After two years and two winters of bracing winter air and sun, I have been feeling much better, ready to resume the overhaul on my own physicality I started 4 years ago. I lost a bunch of weight, then plateaued out for the last couple years, seemingly unable to overcome the inertia that would be involved in increasing daily aerobic exercise. The diet has been fairly good, weight maintained, but no more coming off. But I think I found the solution. Very conveniently located, a few blocks from where I live, a place for women like me opened up just a year ago, a nice clean, fresh-smelling place, a franchise called Inches A-Weigh. So, I joined last month, and so far, it's perfect.
The deal is, you pay a bunch of money, go into a program of cognitive behavioural therapy around food choice, follow a restricted calorie plan, be strictly accountable, hand in your food diary and be "counselled", regularly weighed (twice/week) and measured (every two weeks) for several months, eat their protein snacks (included), and work out on their equipment for 20 minutes, at least 3x/week, or as often/long as you want. There are elliptical machines, treadmills, and stationary bikes, all good quality and smoothly operating. There are TVs in front of the bank of machines, with DVDs of movies with subtitles looping all day long. No mirrors. None. Except in the bathroom over the sink.
OK, no big whup so far.. but there is another thing they offer, which I instantly became addicted to - along the other wall are a bank of beds that move you around, bend you, shake you, pummel the body. They feel fantastic. You do plenty of "exercise" on them, i.e., keep the abs tight, keep certain muscles contracted, arms overhead, etc. Sort of Pilates Lite. For the first several weeks that's the program. Then they increase the stuff you do on the beds, make it more complicated, adding heavy balls and light hand weights.
What I like is the feeling of being tossed around, 6 minutes per bed, 7 beds, a total of about 45 minutes. After that I feel good enough physically that putting out a 30-minute effort on the cardio equipment is no longer a daunting prospect. I think all the jiggling likely stimulates endogenous opioid systems or something.

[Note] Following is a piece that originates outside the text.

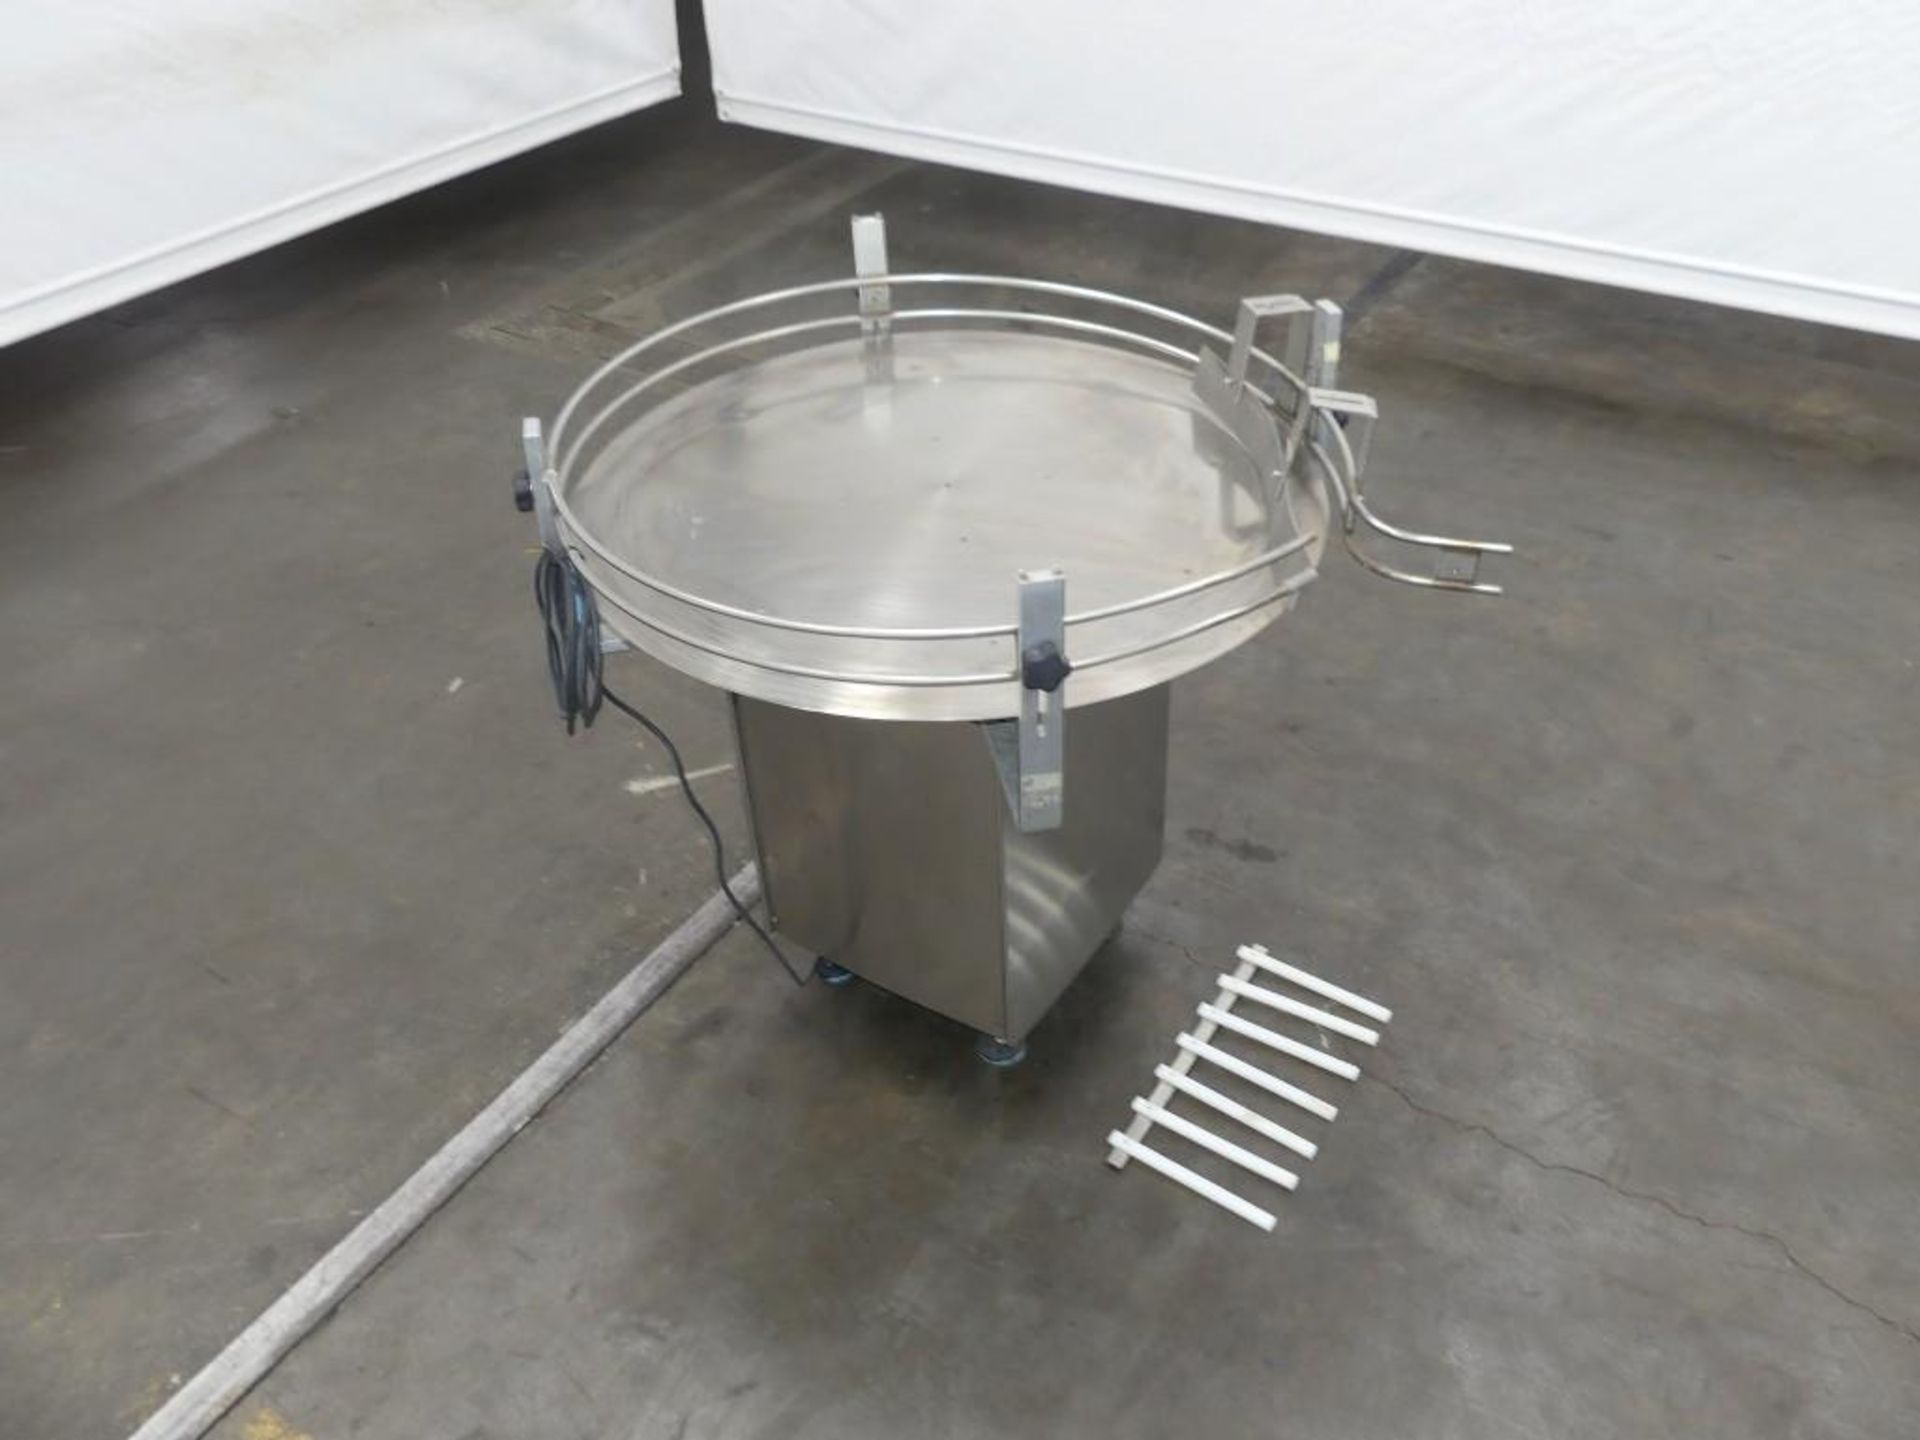 Axus 44" Stainless Steel Rotary Accumulation Table - Image 3 of 9

What I know for sure is this: exercise never ever ever felt good to me before. I have a nervous system that always has found exercise painful, daunting, boring, an exercise in futility, incapable of dredging up the will power after a couple weeks, no intrinsic motivation to do any regularly, ever. In other words, exercise has never ever been a source of joy or pleasure or intrinsic motivation, the way it seems to be for people who seem to be comprised only of large bungee cords, and whose surface layer does not feel heavy or sensitive to them. So, the under-exercised corner of life was the one I found I had painted myself into, trapped by paint that refused to dry.
I think I (and many many others, mainly female) have more "feeling" (interoception) than bungee cord people do. I think the beds must anesthetize me/my interoception or something. Then, sure, I can go on some cardio thingy and spend a half hour keeping my heart rate up - I have even started liking the elliptical; never in my life before have I managed more than a couple minutes on one of those things. But one day, I found I had Achilles tendons that could recoil all by themselves! Nice thing to finally be able to feel, at my advanced middle age. I've been going every day. Moi! Maybe by spring I'll be thinner-looking and have a much more fit CV system.